Prostat kanseri, prostat bezindeki hücrelerin kontrolsüz çoğalmasıyla gelişir. Erkeklerde akciğer kanserinden sonra en sık görülen ikinci kanser türüdür. Sinsice ilerleyen prostat kanserinin özellikle 50 yaş üstü erkeklerde daha sık görüldüğünü vurgulayan Üroloji Uzmanı Prof. Dr. İzak Dalva, hastalıkla ilgili farkındalığın artırılmasının, erken teşhisin ve sağlıklı yaşam alışkanlıklarının önemine değinerek, bu konuda hayati bilgiler paylaştı…
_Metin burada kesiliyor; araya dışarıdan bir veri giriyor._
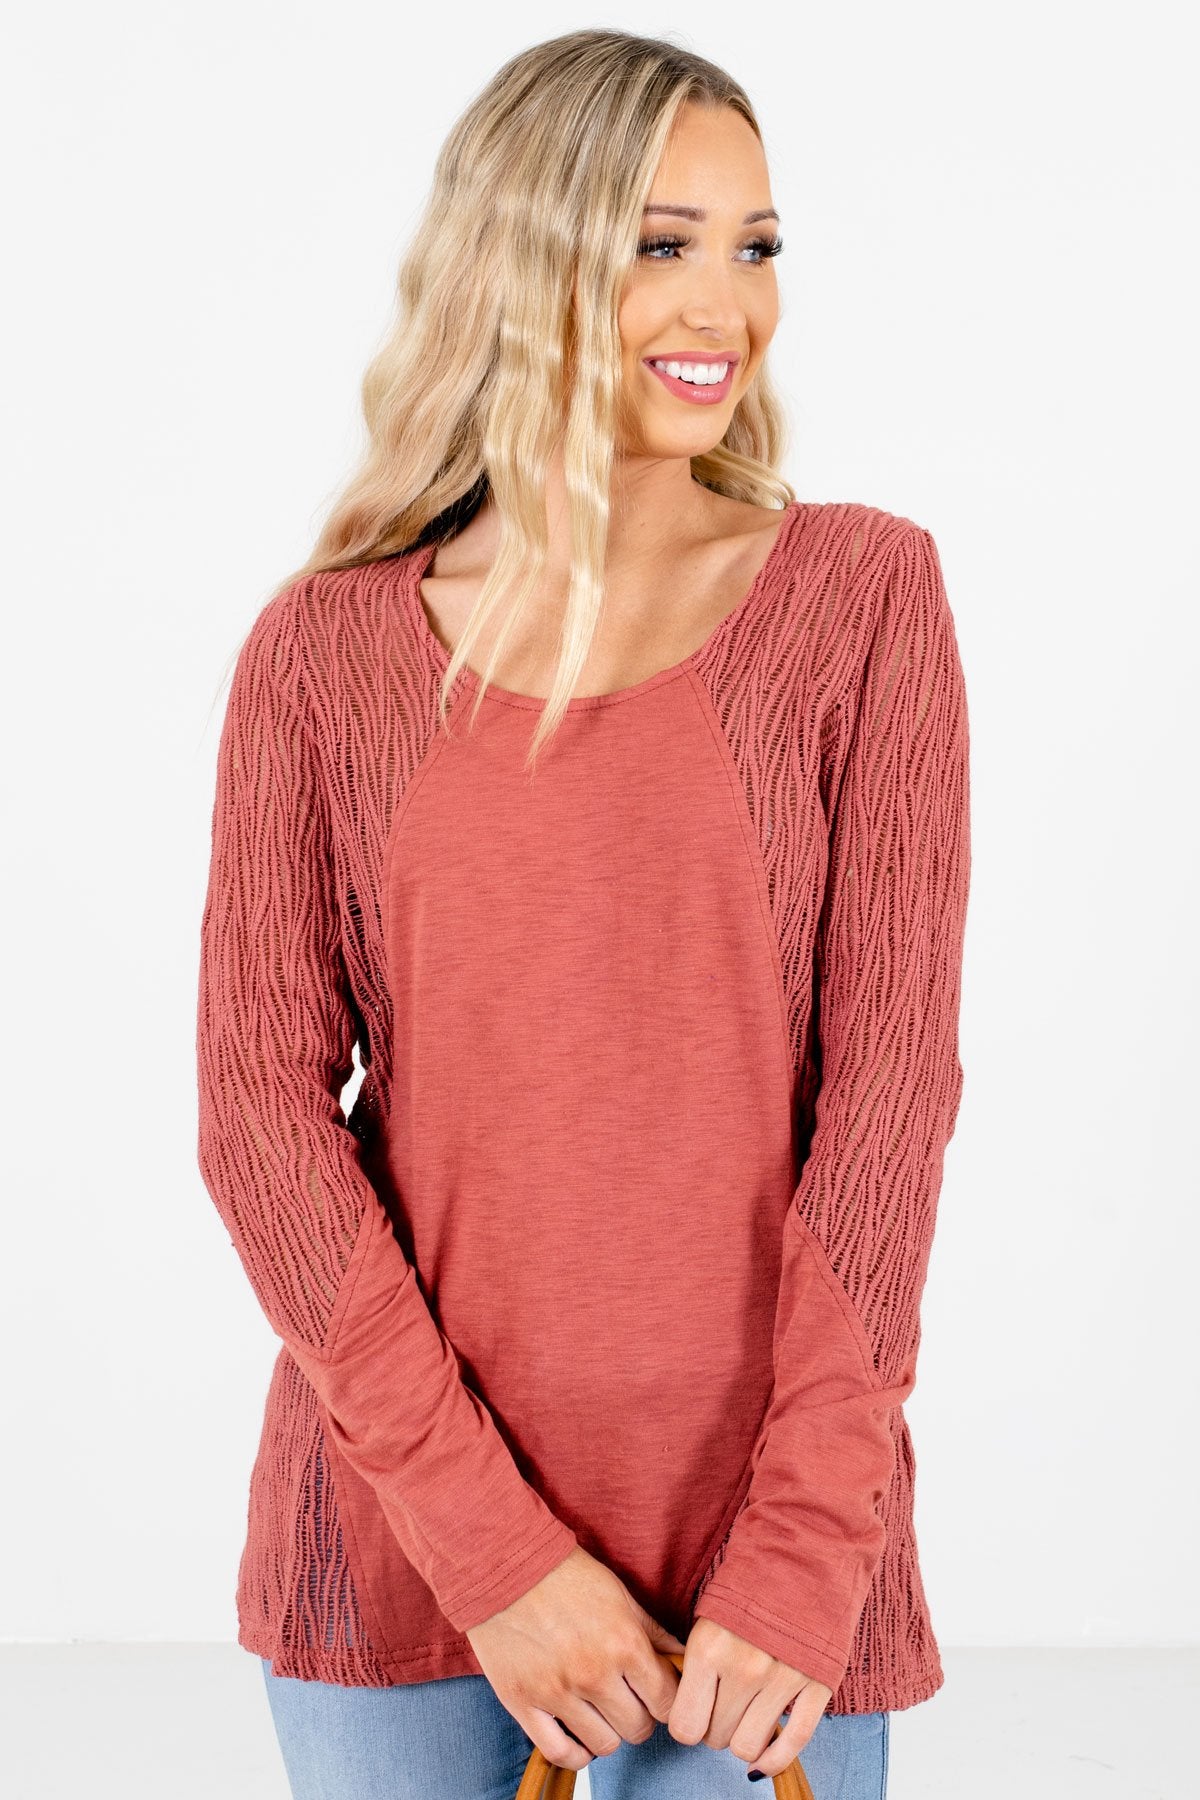 Coral Cute and Comfortable Boutique Tops for Women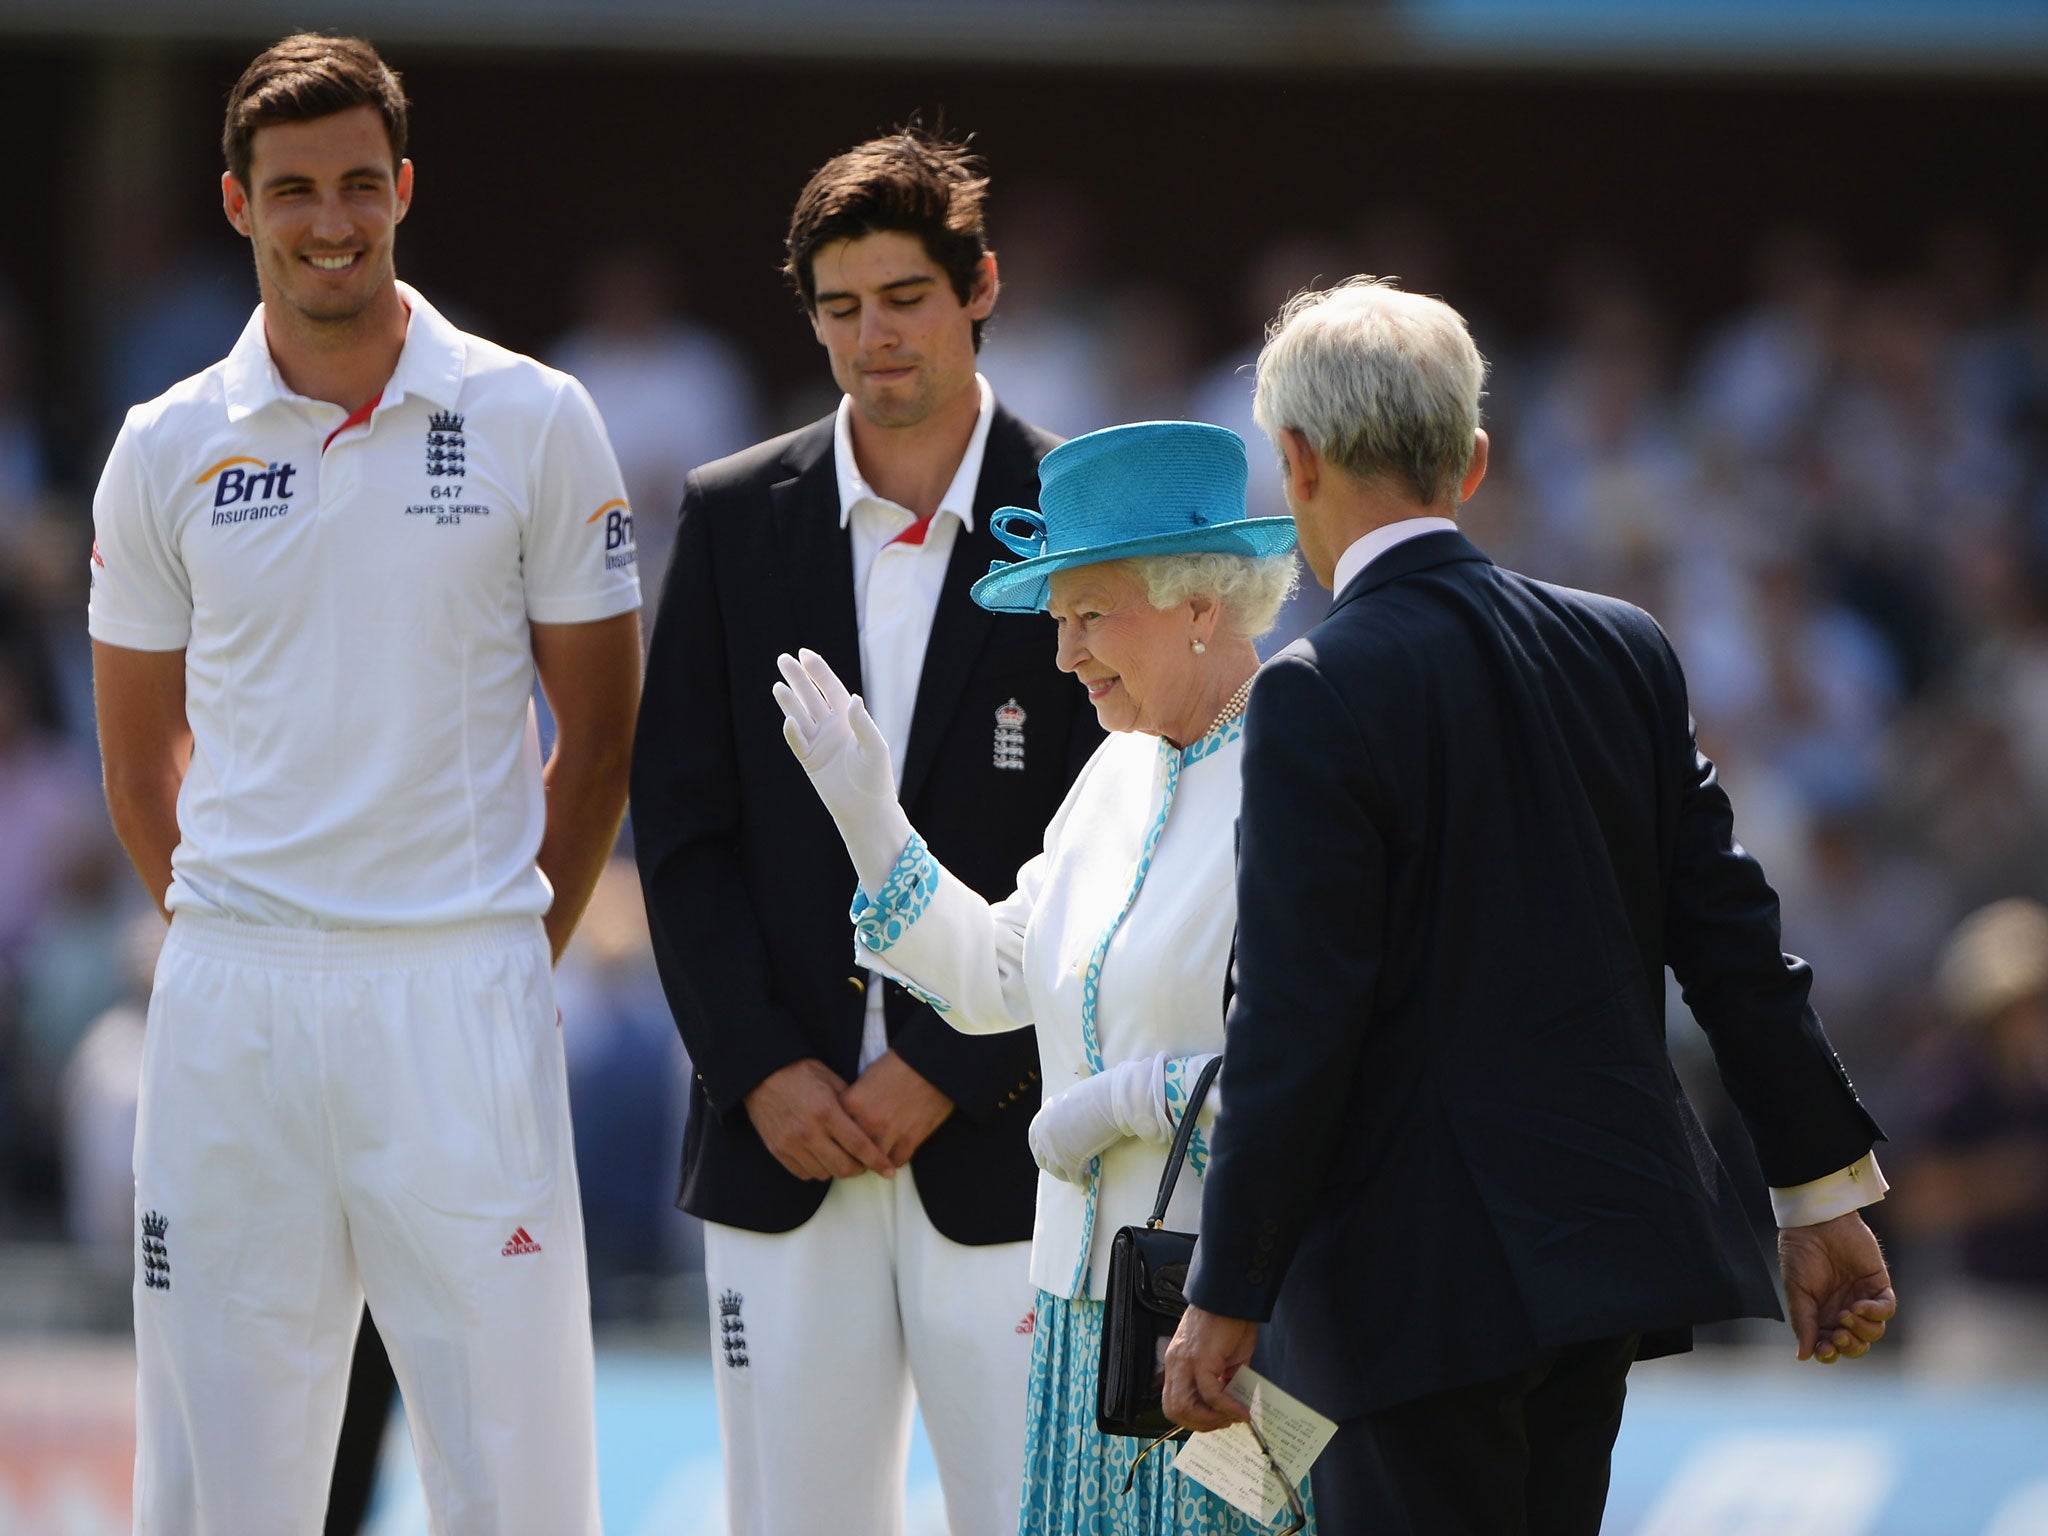 The Queen is introduced to the players before the start of play

2022 verilerine göre, tüm dünyada 1,47 milyon kişi prostat kanseri tanısı aldı. Hayat boyu her 8–10 erkekten biri prostat kanserine yakalanmaktadır. Hastalık, özellikle 50 yaş üstü erkeklerde sık görülür ve erken evrede belirti vermeyebilir. Bu nedenle düzenli kontroller ve sağlıklı yaşam alışkanlıkları, prostat kanseri riskini azaltmada ve erken teşhiste hayati önem taşır.
Riski artıran faktörler
GENETİK
Ailede prostat kanseri öyküsü olan erkeklerin risk oranı daha yüksektir; baba veya kardeşi 60 yaşından önce prostat kanseri olmuşsa veya birkaç nesilde prostat kanseri saptanmışsa risk artar. Ayrıca BRCA1 ve BRCA2 gibi gen mutasyonları agresif prostat kanseri riskini yükseltebilir.
OBEZİTE DİYABET
Şeker hastalığı, obezite, erkek tipi kellik ve düşük boşalma sıklığı da risk faktörleri arasındadır.
D VİTAMİNİ EKSİKLİĞİ
D vitamini eksikliği de prostat kanseri riskini artırır. Dolayısıyla düzenli ölçüm yaptırılarak, gerekirse doktor önerisiyle takviye alınmalıdır.
Prostat kanseri özellikle 50 yaş üstü erkeklerde görülür. Hastaların yaklaşık yüzde 60’ı 65 yaş ve üzerindedir. Genç erkeklerde nadiren görülür, ancak 50 yaş altı prostat kanseri daha agresif seyredebilir.
ERKEK SAĞLIĞI
Prostat kanserinden korunmak için sağlıklı beslenmek, düzenli spor yapmak, kilo kontrolünü sağlamak, şeker hastalığını kontrol altında tutmak ve alkol ile yağlı gıdaları sınırlamak gerekir. Süt ve süt ürünleri sınırlı, etli gıdalar az; antioksidan açısından zengin nar, yeşil çay, brokoli, domates ve taze meyve-sebzeler bol tüketilmelidir.
PSA (Prostat Spesifik Antijen) testi prostat kanseri taramasında kullanılan temel bir kan testidir. Kandaki PSA düzeyine göre risk belirlenir, ancak PSA testi tek başına tanı koydurmaz. Rektal (parmakla) muayene ve PSA yüksekliği durumunda MR bulguları eşliğinde transrektal USG ve füzyon iğne biyopsisi ile kesin tanı konur.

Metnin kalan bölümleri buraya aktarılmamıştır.